#### Exercise brief
Write down exactly the lines from the one with "In original condition" to the end of the data, first and last included, and no others.

[Data supplied Boundary: Start]

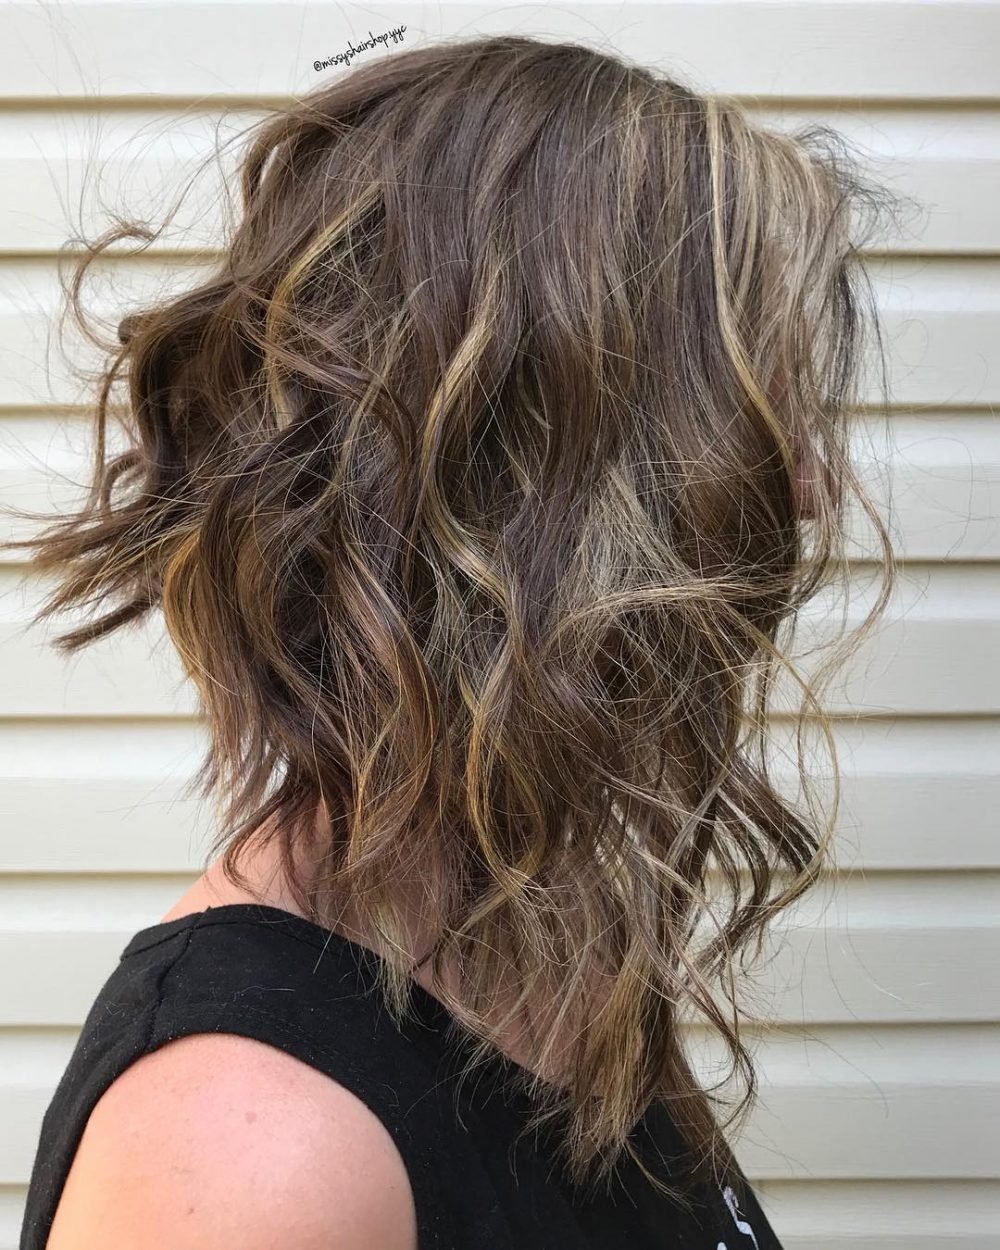 Medium-Length Stacked Cut in Messy Style
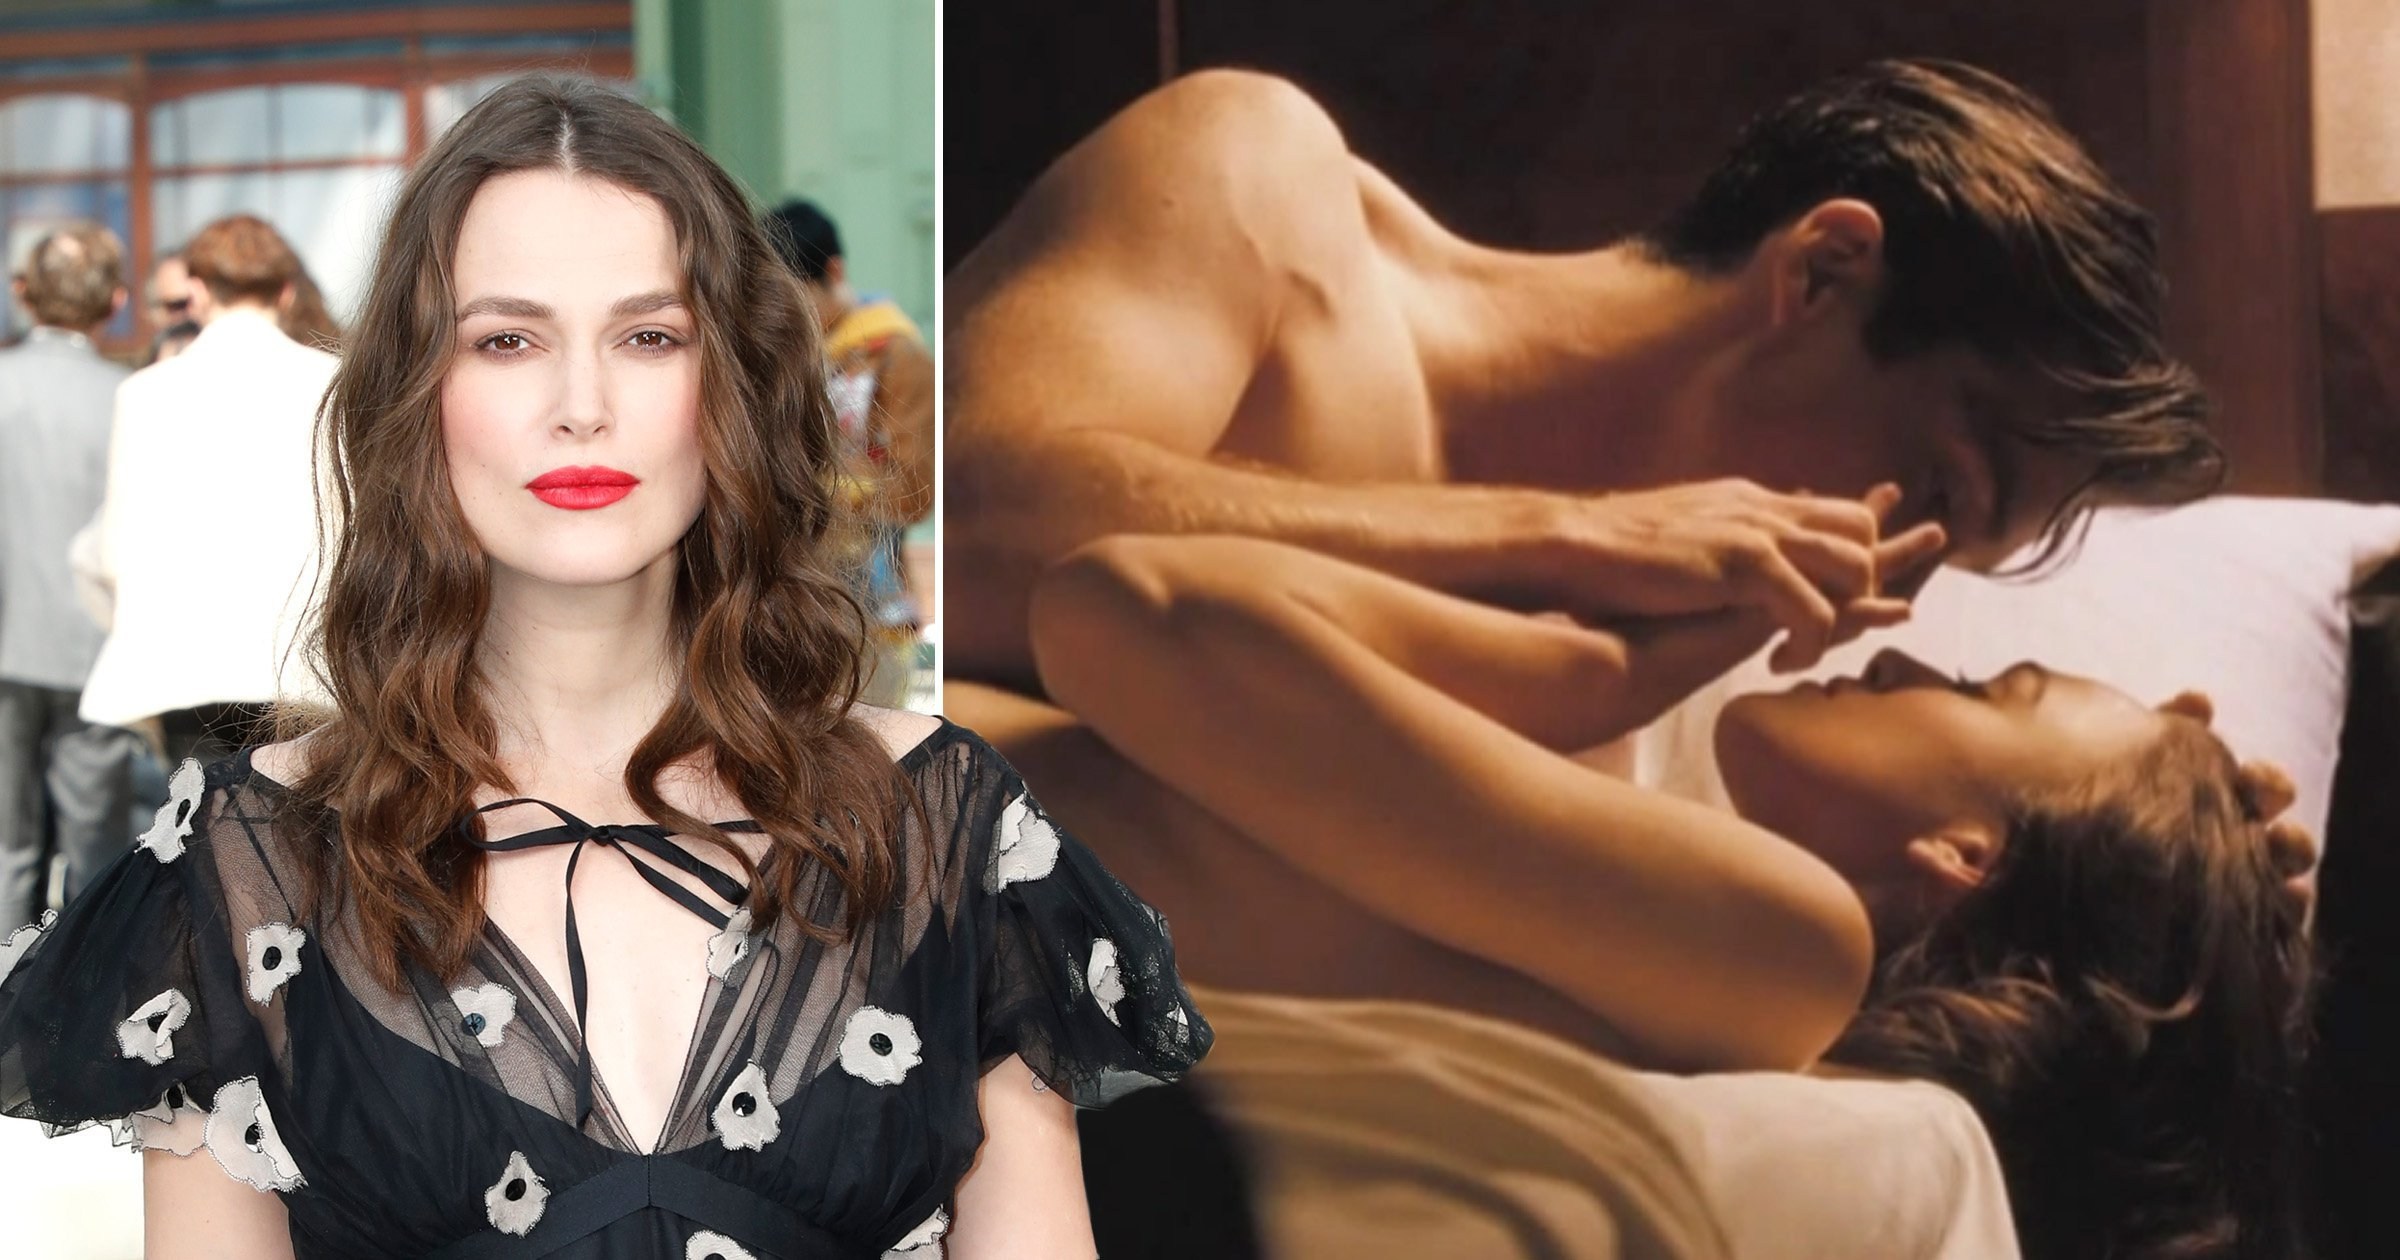 Keira Knightley refuses to film sex scenes directed by men: ‘I feel uncomfortable portraying the male gaze’
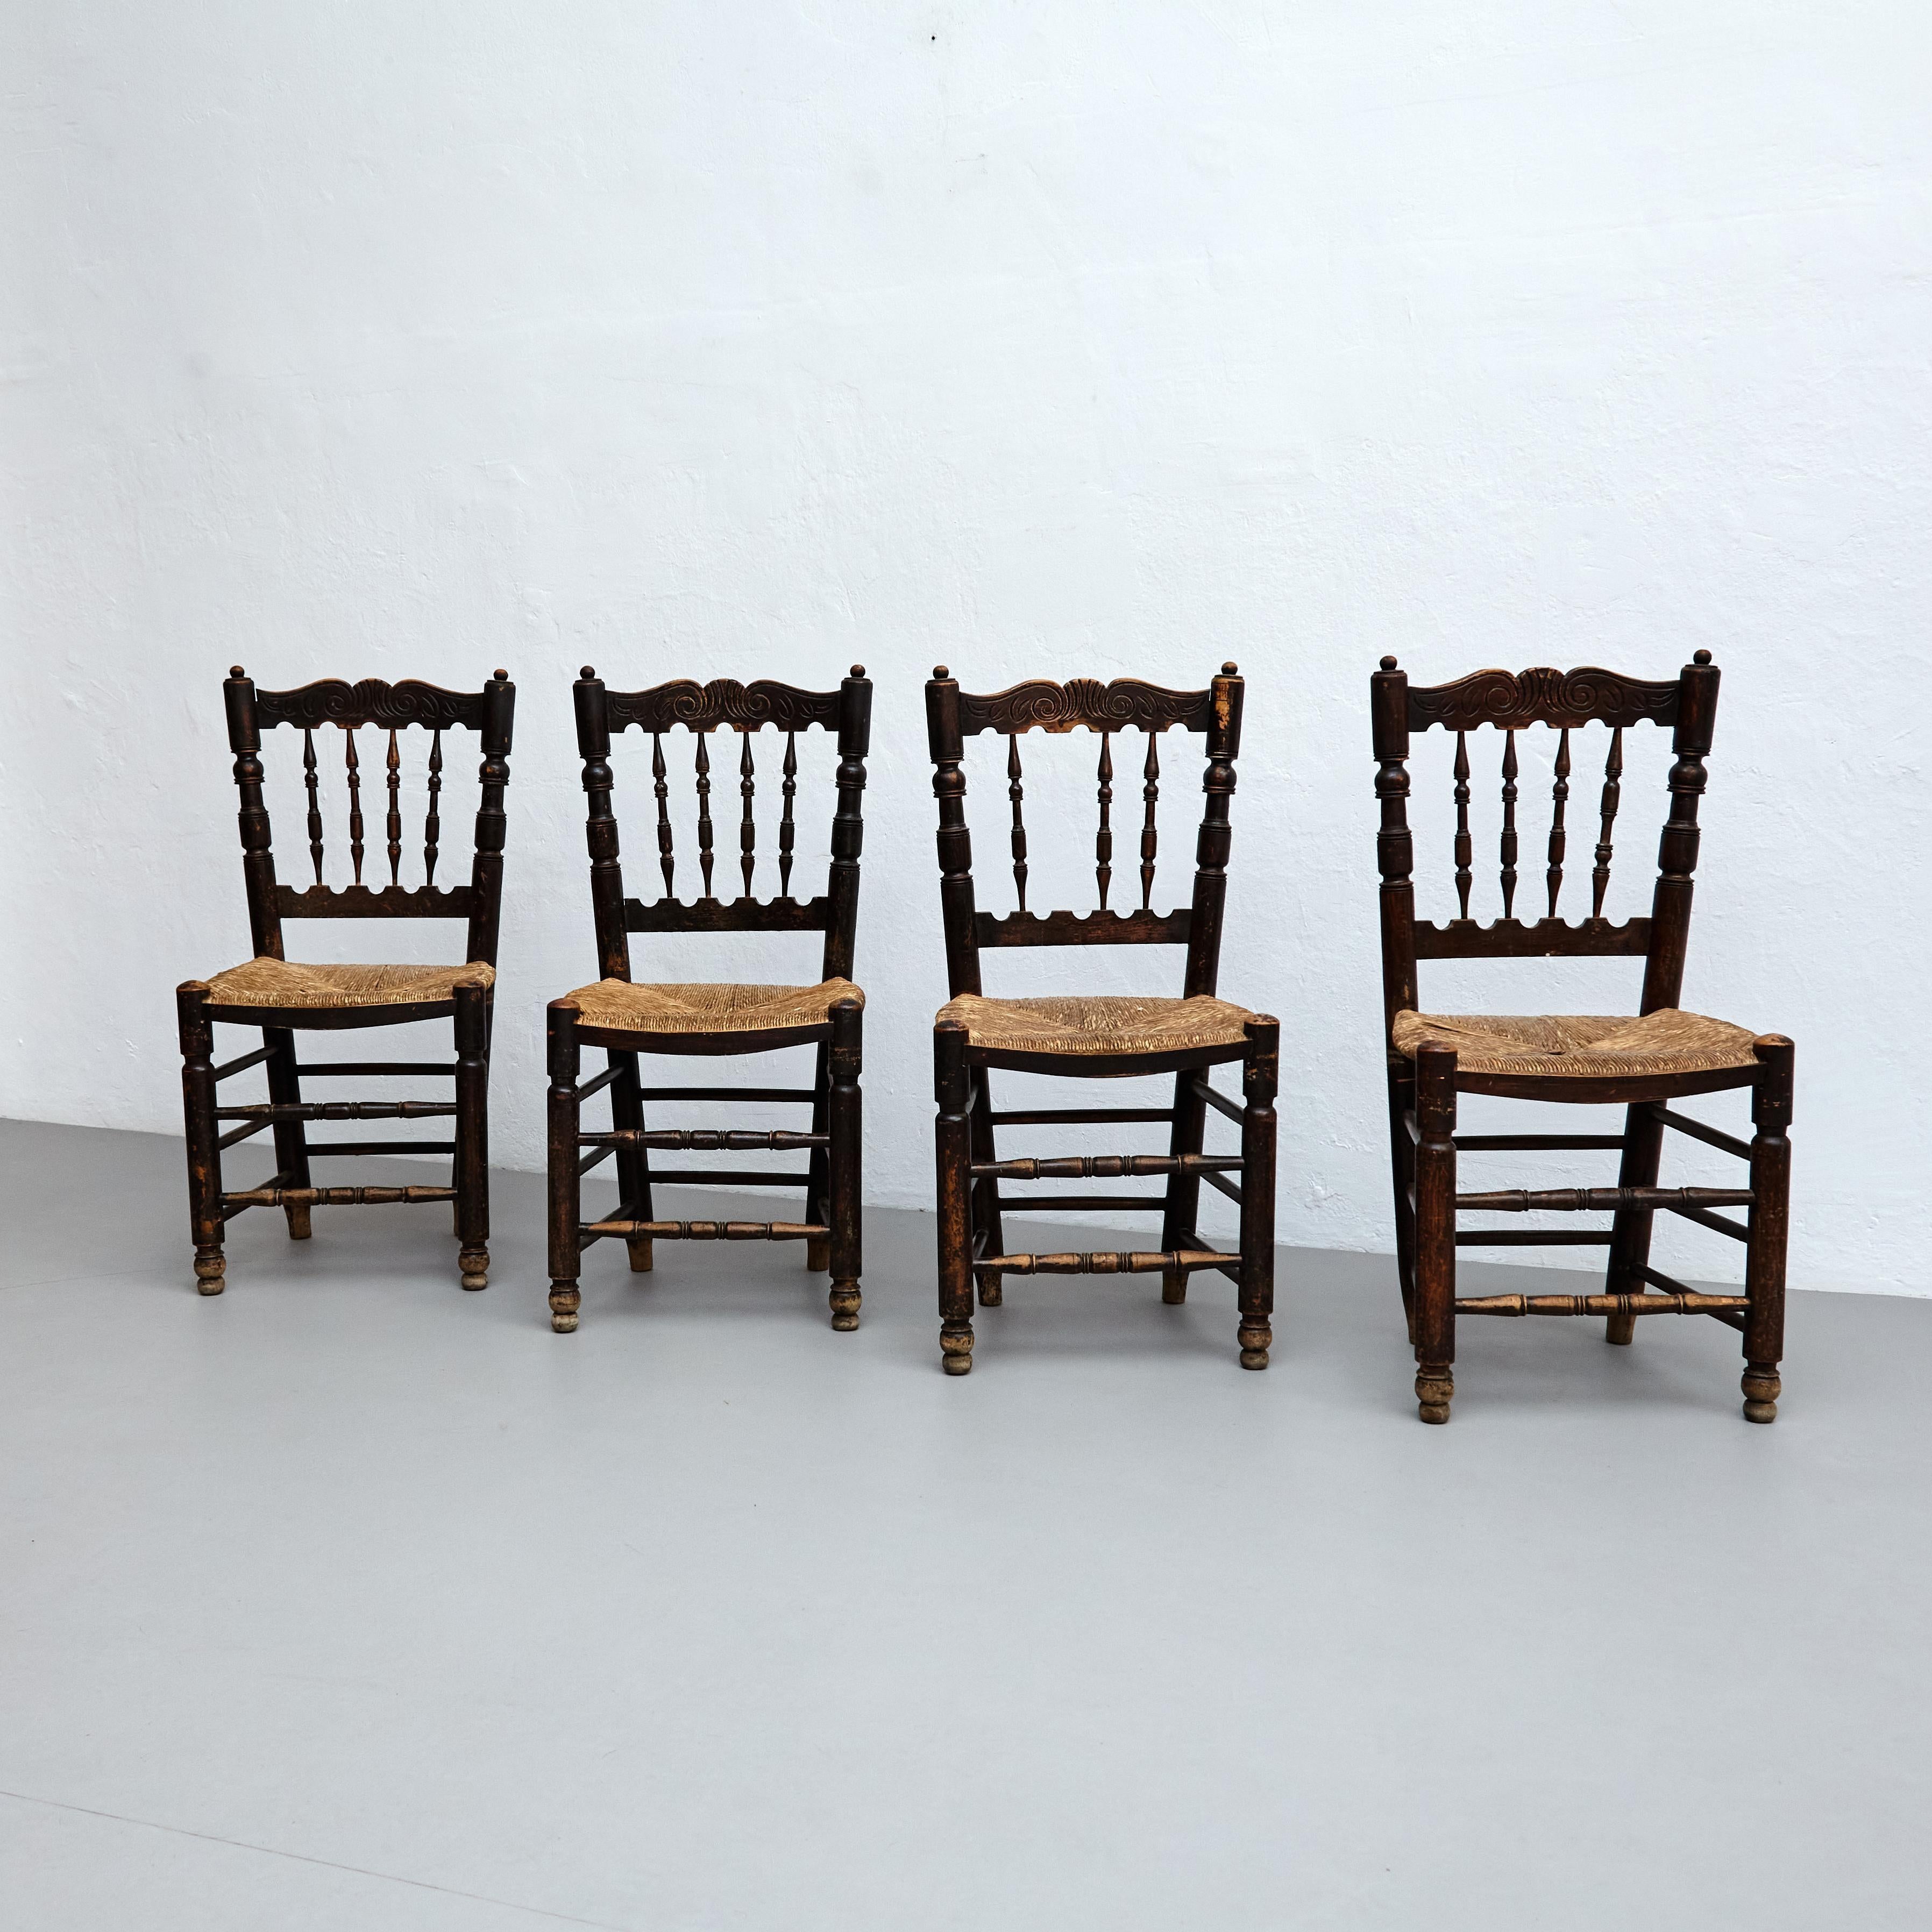 Set of four rustic wood French chairs.

Manufactured in French, circa 1950.

In original condition with minor wear consistent of age and use, preserving a beautiful patina.

Materials: 
Wood, rattan

Dimensions: 
D 38.5 cm x W 42.2 cm x H 87.5 cm

[Data supplied Boundary: End]

#### Output for this task
In original condition with minor wear consistent of age and use, preserving a beautiful patina.

Materials: 
Wood, rattan

Dimensions: 
D 38.5 cm x W 42.2 cm x H 87.5 cm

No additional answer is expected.